** Data provided follows **
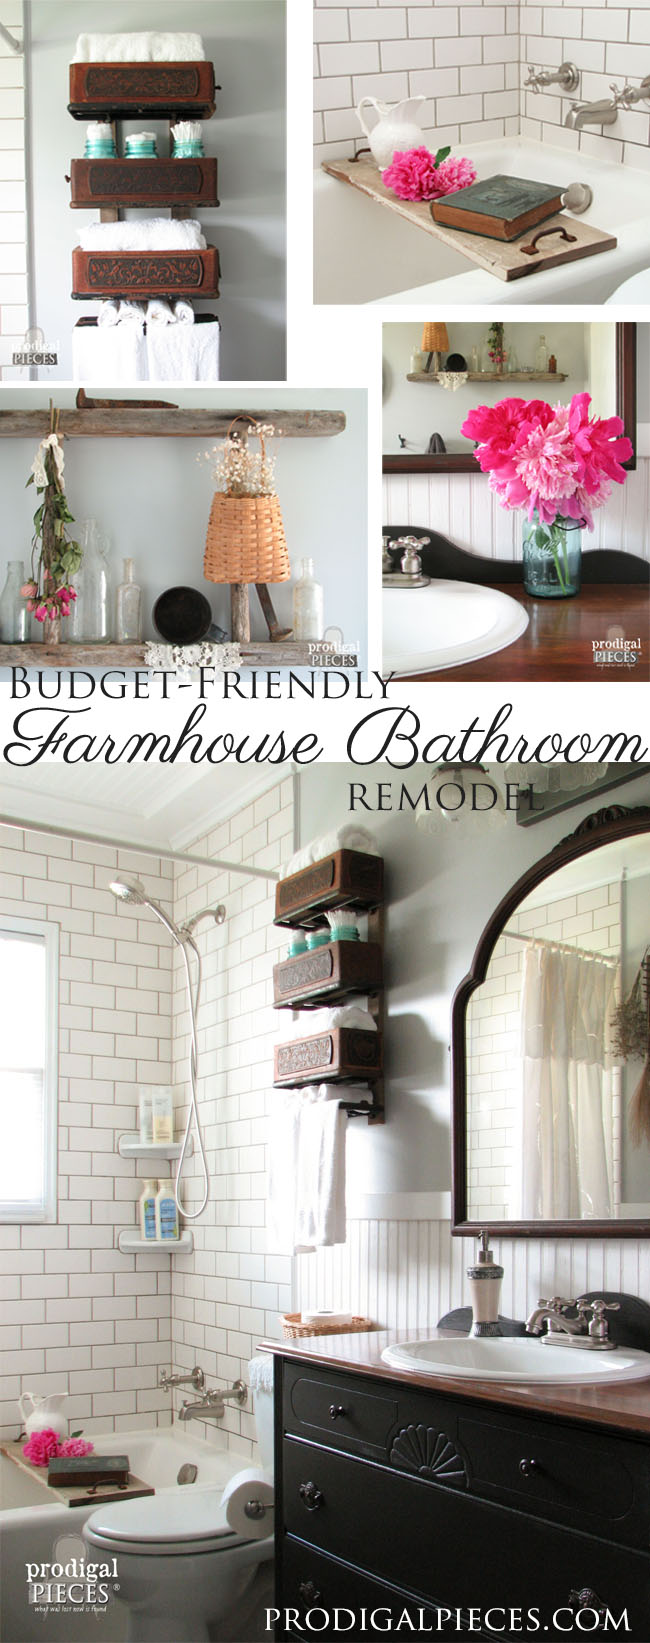 Budget-Friendly DIY Farmhouse Style Bathroom Makeover by Prodigal Pieces www.prodigalpieces.com #prodigalpieces
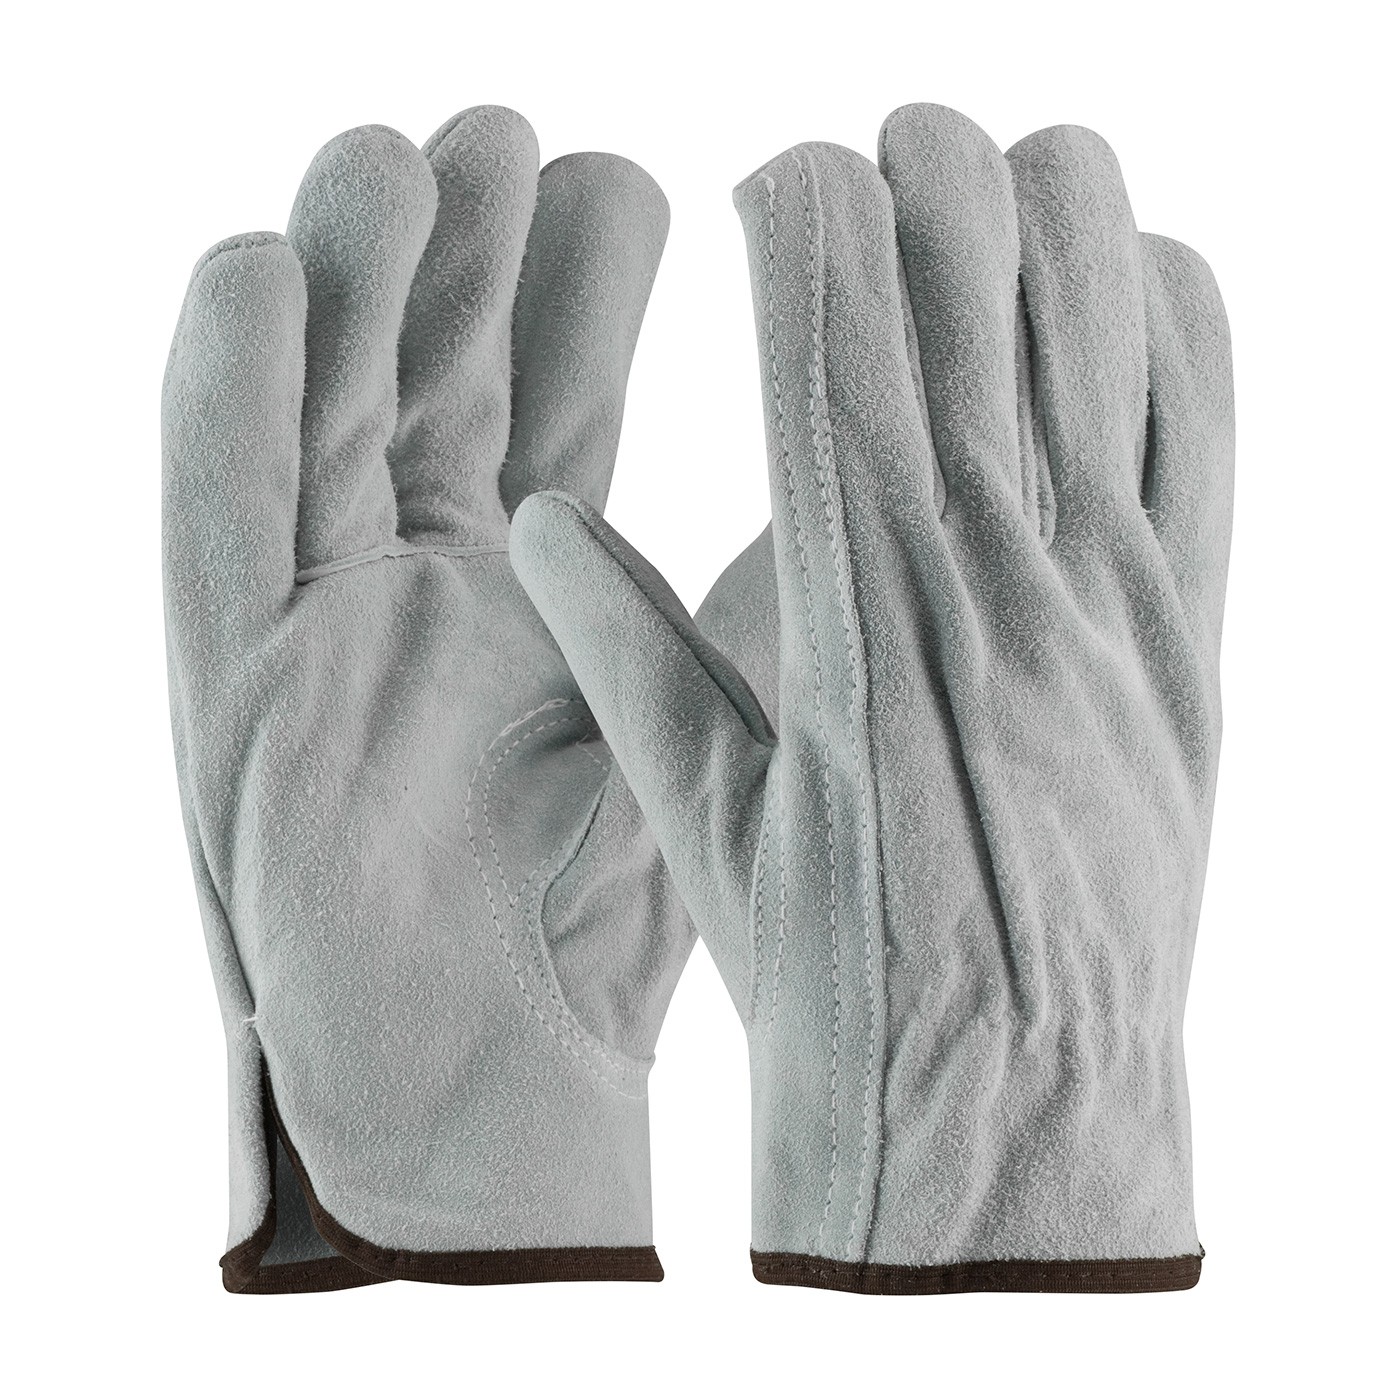 PIP® Premium Grade Split Cowhide Leather Drivers Glove - Keystone Thumb  (#69-189)
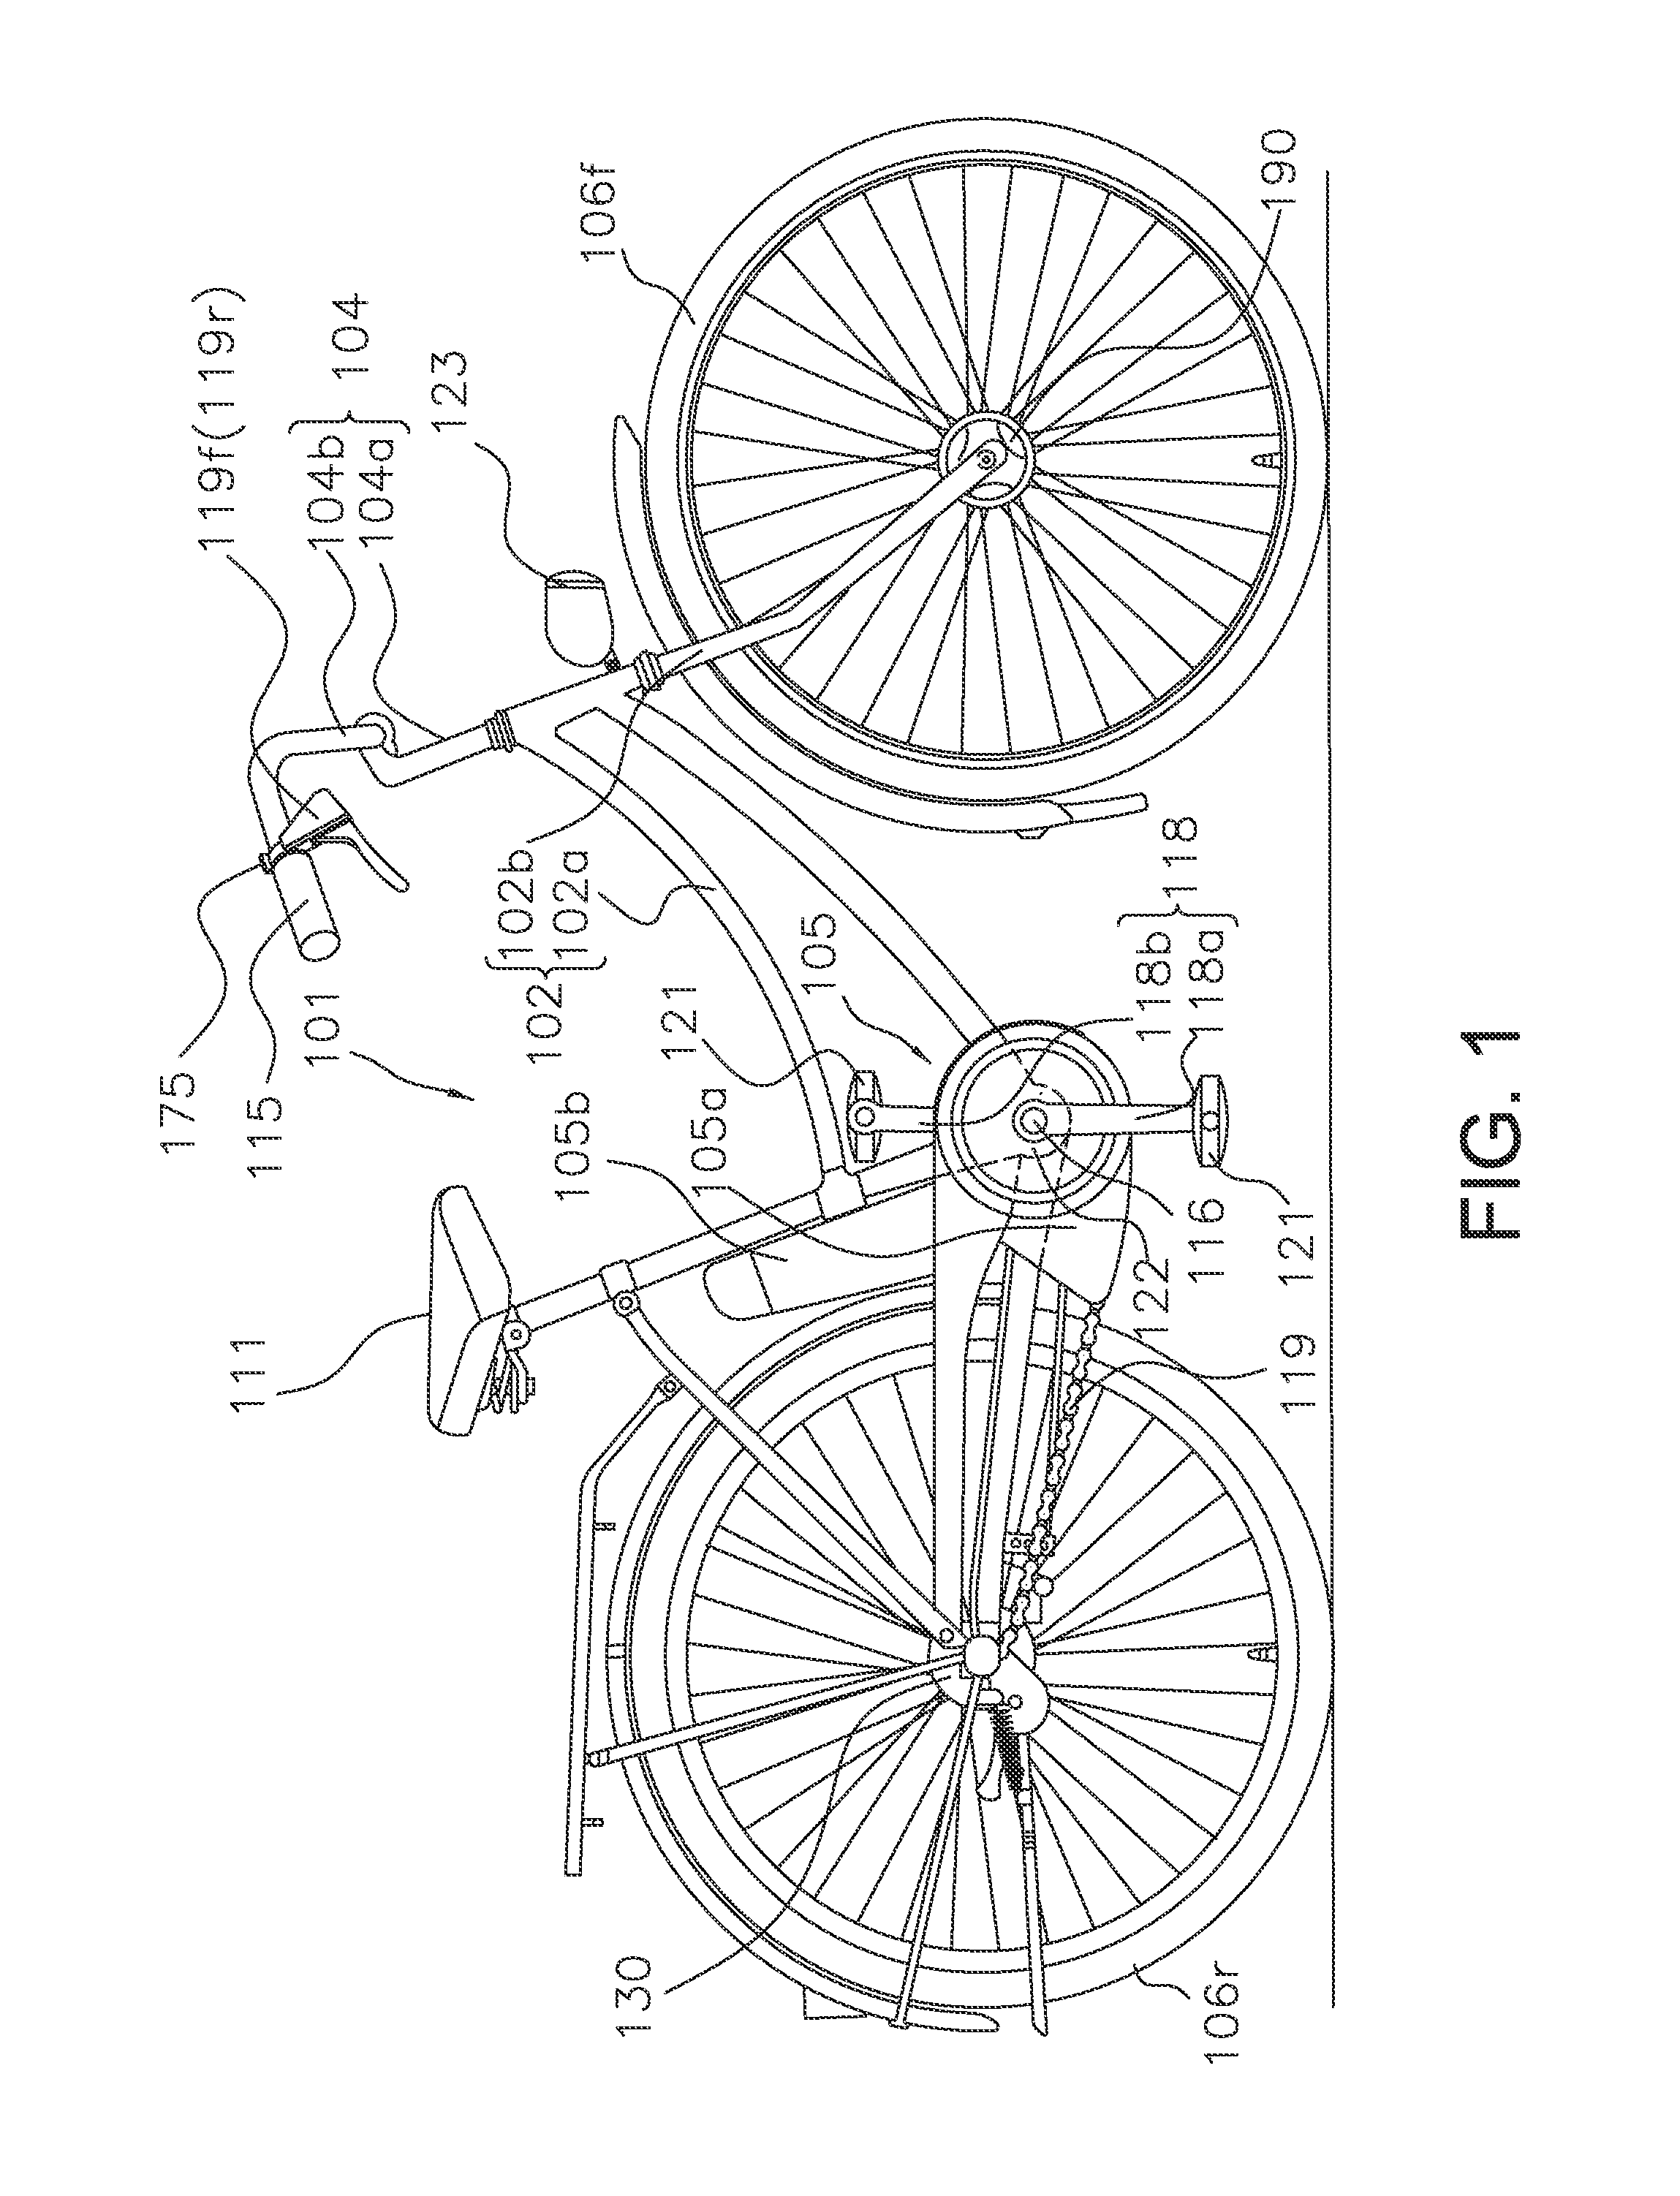 Bicycle drive apparatus
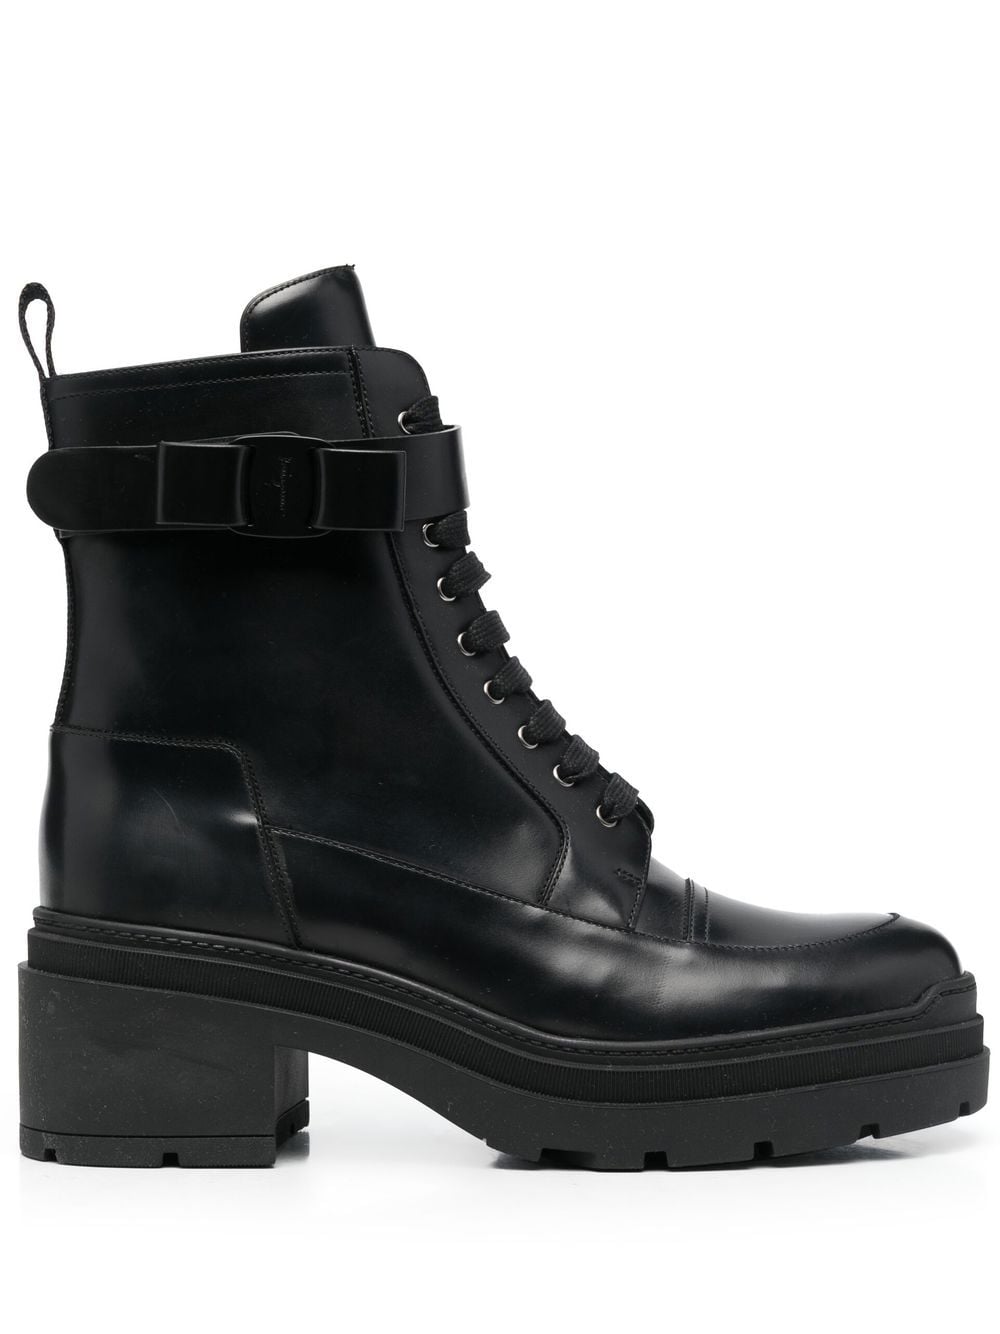 Ferragamo chunky leather biker boots - Black
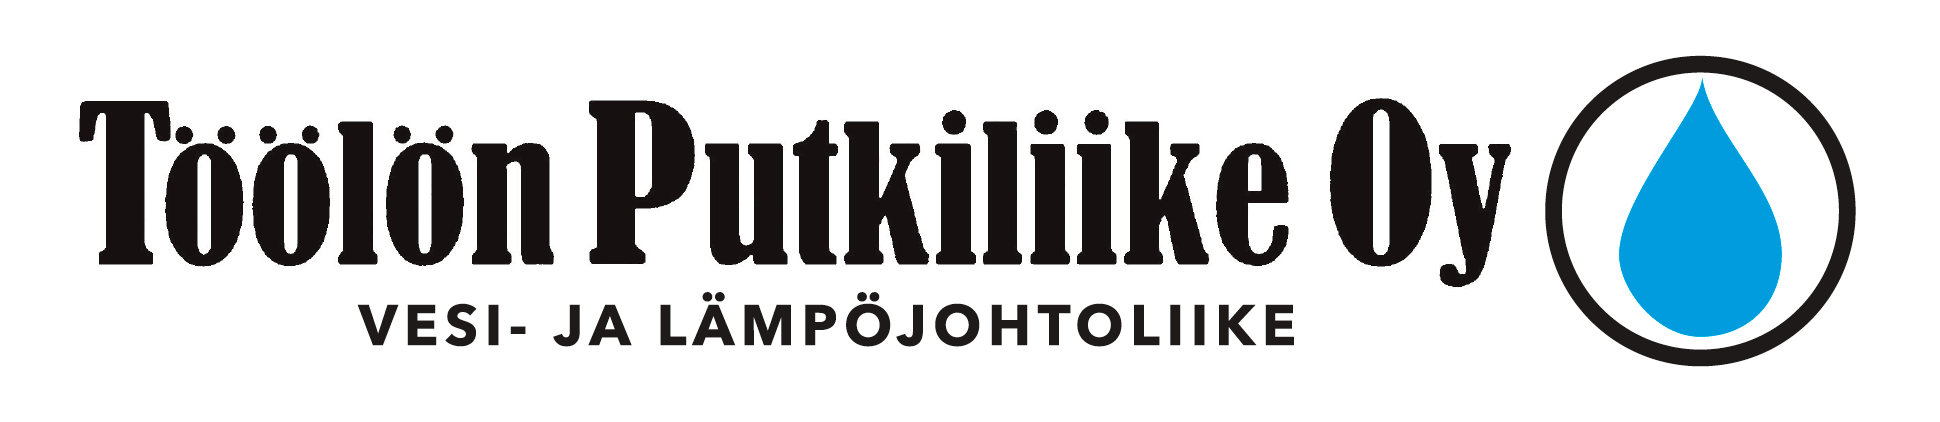 Töölön_Putkil_logo_1
** End of Data provided **
> What you are asked to do
The answer must match the entries above line for line, with the pictures dropped.

> Task result
 Budget-Friendly DIY Farmhouse Style Bathroom Makeover by Prodigal Pieces www.prodigalpieces.com #prodigalpieces
 PIP® Premium Grade Split Cowhide Leather Drivers Glove - Keystone Thumb  (#69-189)
 Bicycle drive apparatus
 Ferragamo chunky leather biker boots - Black
 Töölön_Putkil_logo_1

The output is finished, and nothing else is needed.